Pull14 09-24-2011 04:11 PM

I see. If your not putting much more weight on the bar, 2-3 layered plywood "plates" should hold up pretty well for the time being assuming your not dropping them from above the waist on a regular basis. If there is an issue... wood is cheap and can be replaced.

As for "real" technique's -- hitech techniques seem to be pretty popular over here and are 17.5" / 445mm.

5kgLifter 09-24-2011 04:16 PM

Quote:

Originally Posted by Pull14 (Post 174373)
I see. If your not putting much more weight on the bar, 2-3 layered plywood "plates" should hold up pretty well for the time being assuming your not dropping them from above the waist on a regular basis. If there is an issue... wood is cheap and can be replaced.

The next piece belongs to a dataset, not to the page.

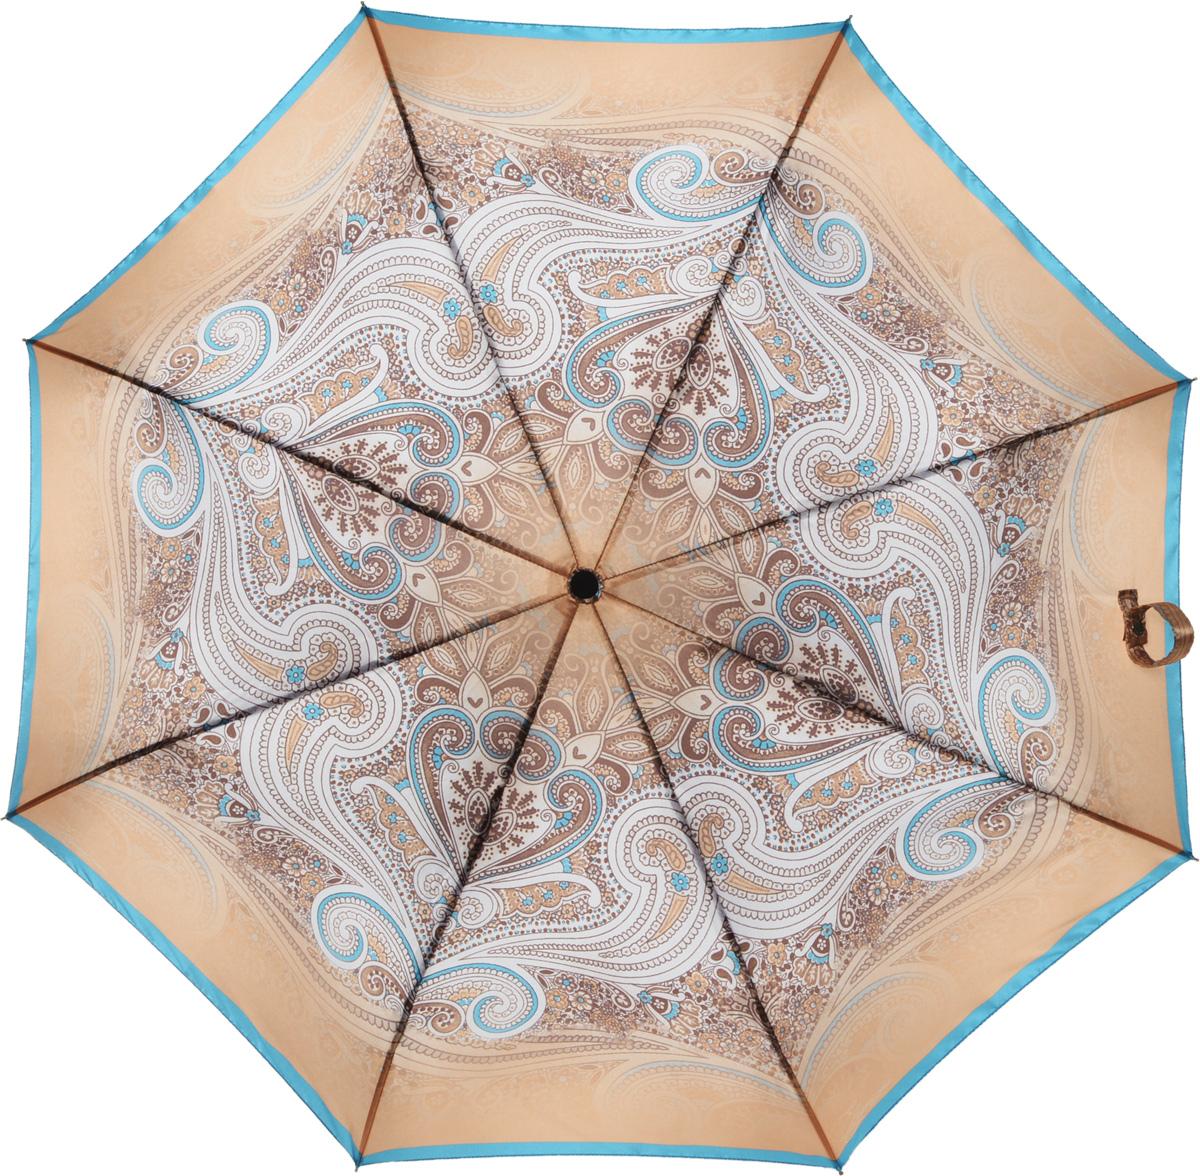 Зонт женский Eleganzza, автомат, 3 сложения, цвет: коричневый. A3-05-0293SA3-05-0293SЖенский зонт-автомат торговой марки ELEGANZZA с каркасом Smart, который позволяет без особых усилий складывать зонт, не позволяя стержню вылетать обратно. Купол: 100% полиэстер, сатин. Материал каркаса: сталь + алюминий + фибергласс. Материал ручки: пластик. Длина изделия - 30 см. Диаметр купола - 100 см. Система Smart, не позволяет стержню при сложении вылететь обратно, это облегчает сложение зонта! При сложении есть характерный звук-треск, как трещетка. Примечание: зонт не откроется с кнопки если его не закрыть до щелчка!

As for "real" technique's -- hitech techniques seem to be pretty popular over here and are 17.5" / 445mm.

Nope, no dropping occurs, apart from possibly during the last inch or so if grip gives before I start using the straps, but that's not very often. the other issue is that I only have a cheap bar so it's a 1" barbell diameter, so most 45cm plates won't fit, in fact, I don't think any of them will.

I'm seriously considering the block idea, instead of the wooden plates route; I reckon they will be more durable, should I slip at during the latter part of the lift.